« Vive le régime théocratique, réactionnaire et assassin des mollahs en Iran »
Bon, dit comme ça, c’est un peu raide. Le problème est que j’aurais pu le formuler autrement, n’importe comment, mais par les temps qui courent, c’est ainsi que cela sera interprété.
Un peu comme lorsque tu dis « ce que fait Israël est monstrueux » et qu’on te rétorque que tu viens de révéler ton antisémitisme.
Mince. Il y a des glissements qui se produisent et qui t’ensevelissent dès que tu t’aventures hors des pistes balisées. (T’as pas vu les panneaux, ou quoi ?)
Et la vitesse du glissement est directement proportionnelle à l’incapacité d’admettre une réalité toute bête.
J’aurais pu, par exemple, dire quelque chose comme « dans les conditions objectives actuelles, et eu égard aux enjeux, ma sympathie penche plutôt vers l’Iran ». Là, tu sens que ça glisse.
J’aurais pu ajouter, taquin que je suis, « et j’espère que l’Iran mettra malgré tout et in fine une bonne branlée à Israël et fera saigner les États-Unis ». Là, tu entends gronder sous tes pieds.
Et qui sait ? Dans un moment de délire, j’aurais pu ouvrir les vannes en grand et déverser un « j’aimerais que Tel-Aviv ressemble, même vaguement, à Gaza. » Là, un pan de la montagne se détache et te voilà enseveli.
Pas par des gravats, parce que ce n’est pas un immeuble qui vient de te tomber sur la tête, mais par des platitudes, des clichés, des approximations hasardeuses, des réflexes pavloviens, des phrases répétées en boucle ailleurs et relayées comme si elles étaient le produit spontané d’un esprit perspicace et critique.
Ceux qui ont rasé Gaza pendant deux ans aimeraient nous faire croire que c’est l’Iran qui viole le droit international, sans toutefois préciser lequel.
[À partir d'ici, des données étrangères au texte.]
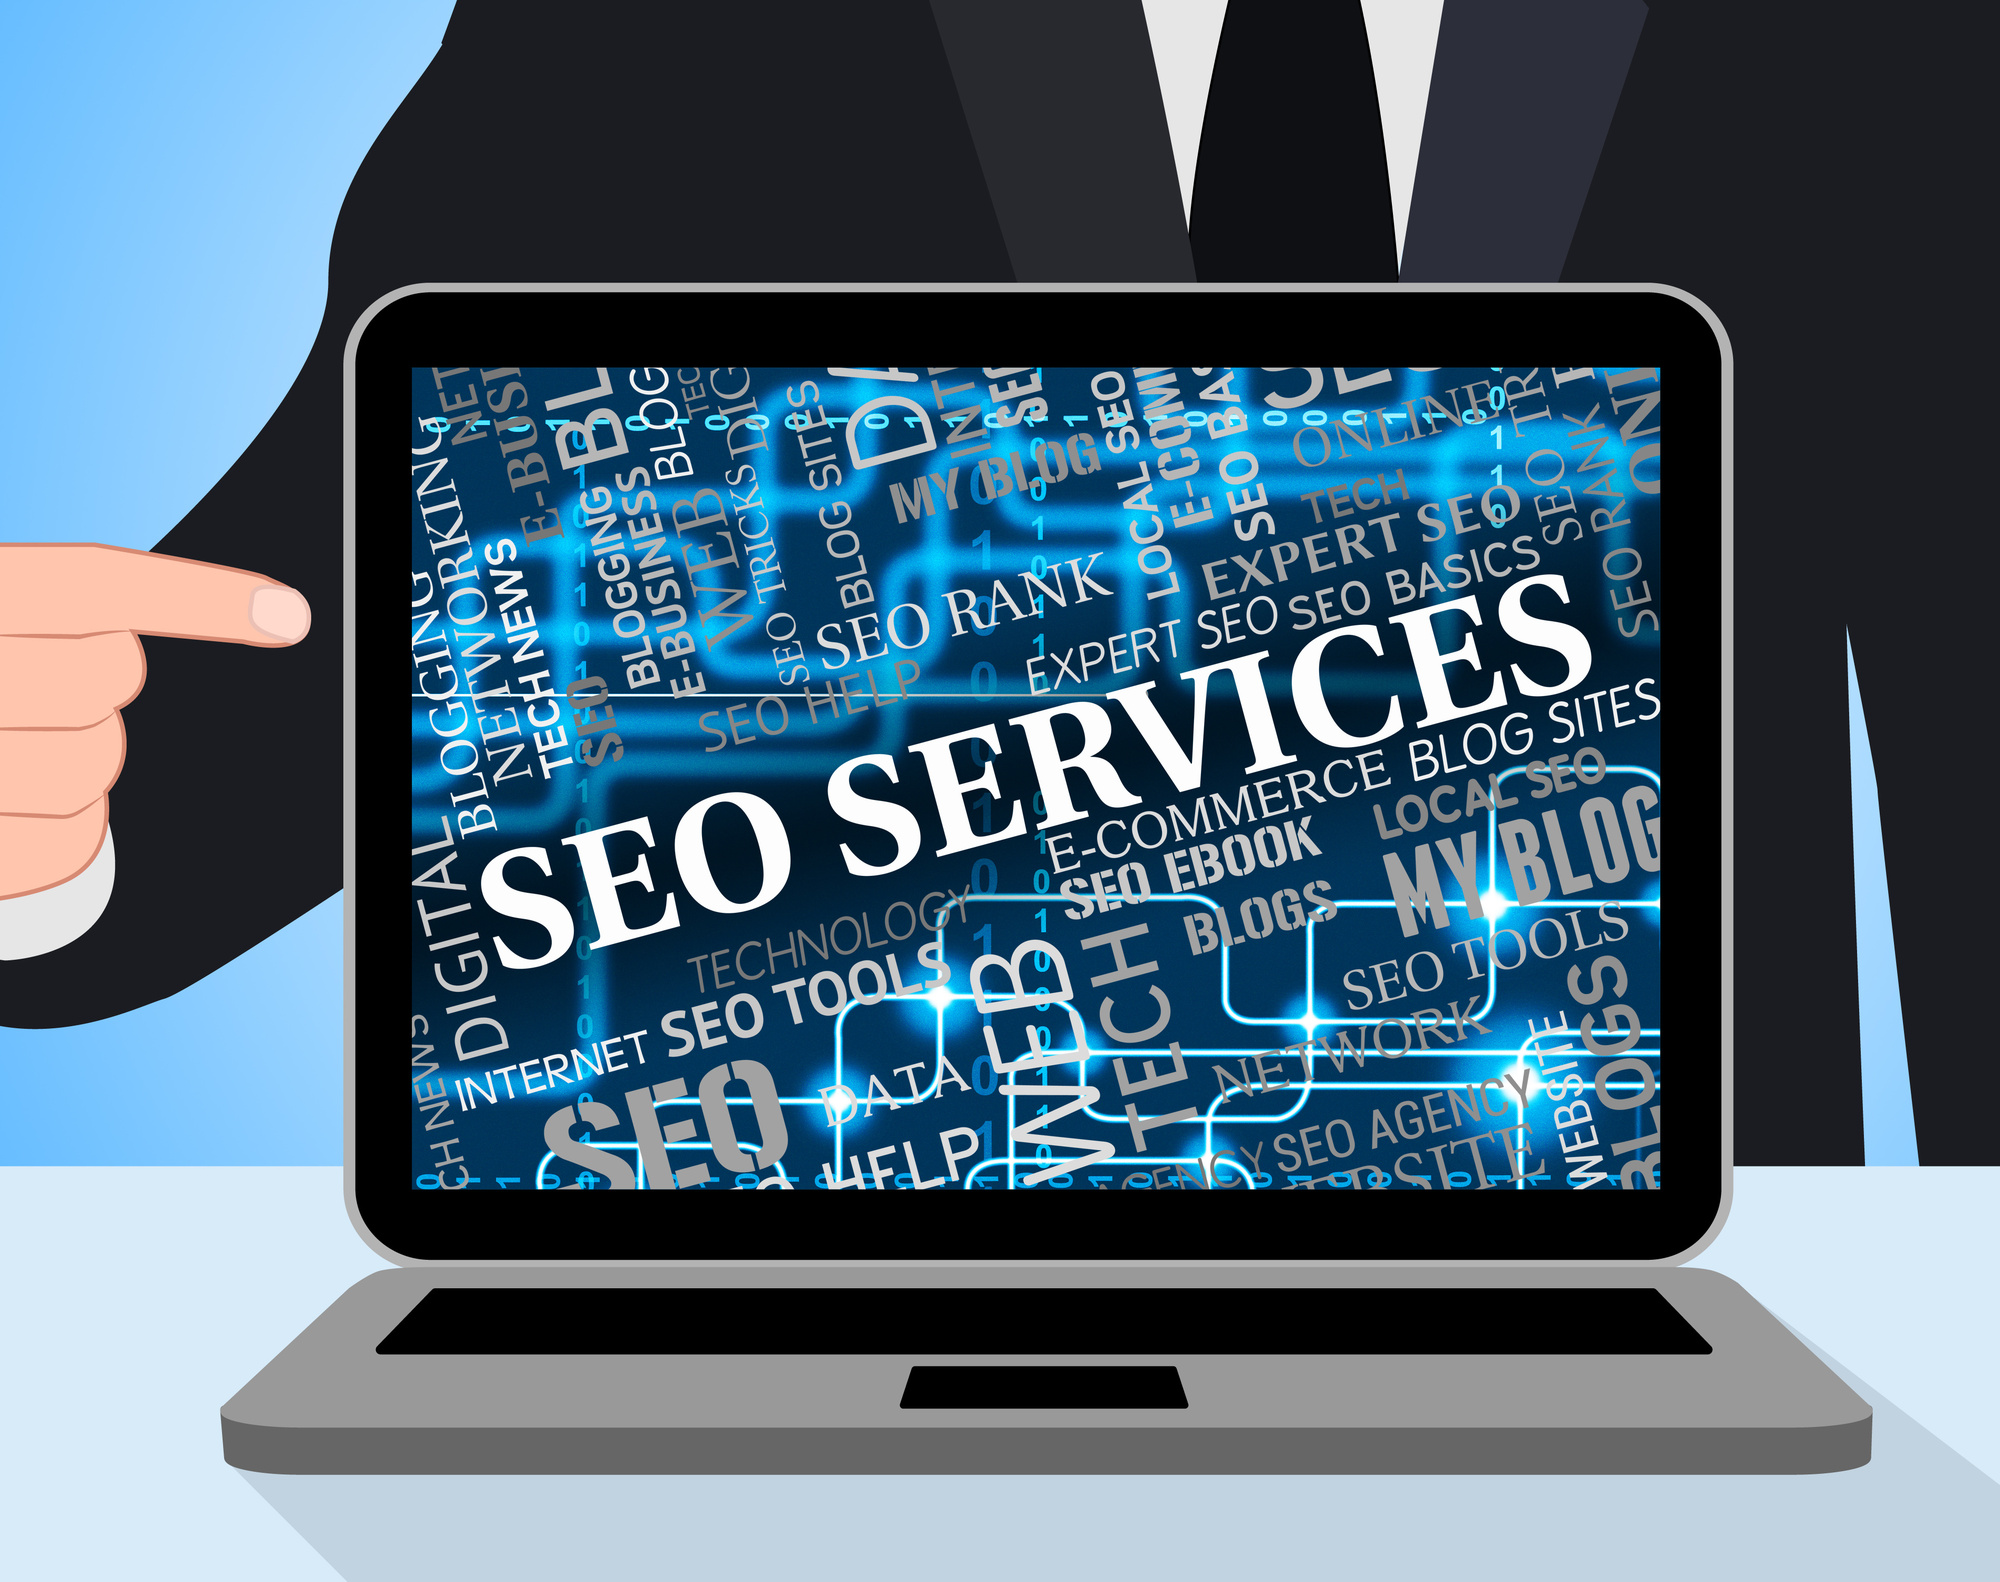 SEO services text on computer

Leur vision de la démocratie, c’est éliminer des chefs d’État et les remplacer par le genre de dirigeant qu’on trouverait facilement en train de flâner en tongs et chemise ouverte sur l’île d’Epstein.
Observons comment le crime est l’écolière habillée en hijab, pas le largage d’une bombe sur elle.
Constatons comment les « différences culturelles » sont respectables, à préserver, à condition qu’elles soient circonscrites dans une tribu indienne perdue quelque part au milieu de l’Amazonie, mais deviennent une menace existentielle lorsqu’elles sont capables à la fois de réciter un poème de Nizami Ganjavi et d’enrichir de l’uranium.
Dans le premier cas, l’esprit occidental trouve que c’est mignon comme tout. Tous ces seins nus, ces bites à l’air, ces sarbacanes aux fléchettes empoisonnées et cette langue à laquelle on ne comprend rien. Maintenez une distance respectueuse, parlez à voix basse. Soyez discrets lorsque vous prenez des images pour votre futur podcast. N’oubliez pas de prononcer quelques réflexions bien senties sur les ravages de la « civilisation » en prenant bien soin de mettre le mot entre guillemets pour souligner l’ironie de votre propos et l’immense recul que votre esprit entrainé est capable de parcourir.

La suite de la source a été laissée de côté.